"Will you, Mary, will you? But I'm too old and fat to be waved by fairy godmothers," said Mr. Fawcus sadly.
Mary began to understand at last that her going away was a grief to her kind guardians, and as she had often done before, when it seemed advisable to propitiate Uncle William, or when Uncle William came downstairs very angry over some new task that Holland and Brown had laid upon him, she asked him a question.
"How big is France, Uncle William?" And folding her hands across her clean pinafore she composed herself to listen more attentively to a long account of France than she had ever listened to any of Uncle William's exegetical discourses before.
But Uncle William did not answer, and Mary, horrified at his silence, began to cry.
"For goodness' sake, child, don't wipe your eyes on your clean pinafore," Mrs. Fawcus sharply adjured her. It was like Mrs. Fawcus to have put Mary into a clean pinafore just to learn that she was to be taken from them.

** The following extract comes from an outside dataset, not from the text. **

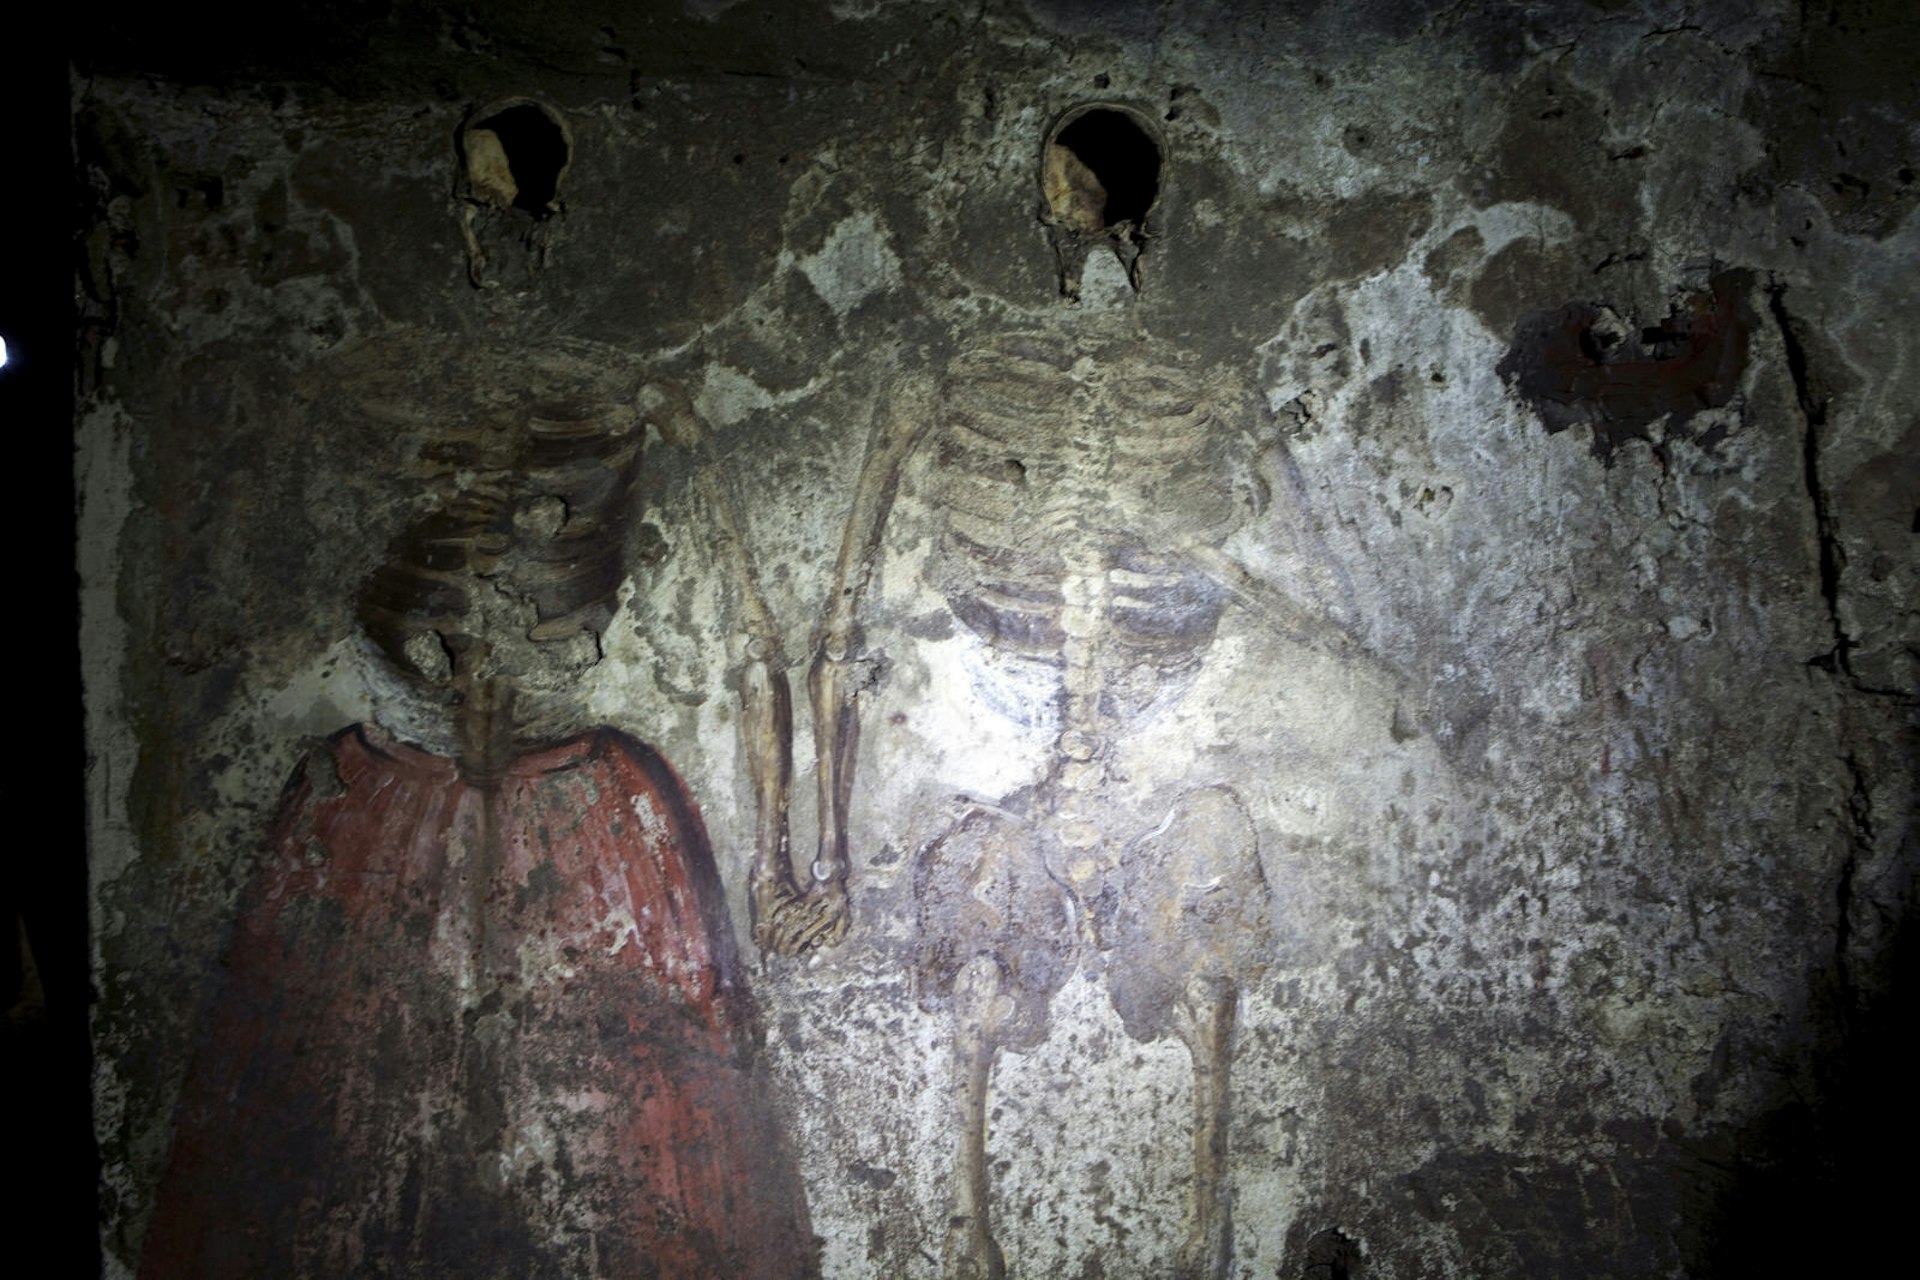 Newlyweds laid to rest in San Gaudioso Catacombs

A shaft of sunlight, the first of the year to reach the basement, came glancing through the geraniums in the window and lit up the cosy kitchen; but it was a cruel shaft, for it lit up also the weary lines and the baggy eyes of Mr. Fawcus: it lit up the crows-feet and the wrinkles of his wife; and most cruelly of all it lit up Mary's auburn hair, reminding the old couple that, though the sun might shine all the summer through, here it would never shine again upon that auburn hair.
The next fortnight went by for Mary in such a whirl of exciting new experiences as no child of ten could be expected not to enjoy, and she was hardly to be blamed if she did appear hard-hearted in her behavior on the verge of parting with her guardians. She could hardly be blamed for not realizing how unlikely it was that she would ever see either of them again, and in justice to the old couple it must be said that neither of them tried to gratify their emotion at Mary's expense. Once the first shock had passed, they did their best to prepare her for a worthy entrance upon the new scene, at whatever cost to themselves. A number of dresses were bought, each one more outrageous than the last, and each one seeming as much more beautiful to Mary.
"I feel like Cinderella going to the ball," she told Mrs. Fawcus.
"Ah, my dear, you'll find that life isn't quite such a fairy story as you think it is now," replied Mrs. Fawcus.
And this was as near as she got to a hint of cynicism in her advice to the little girl.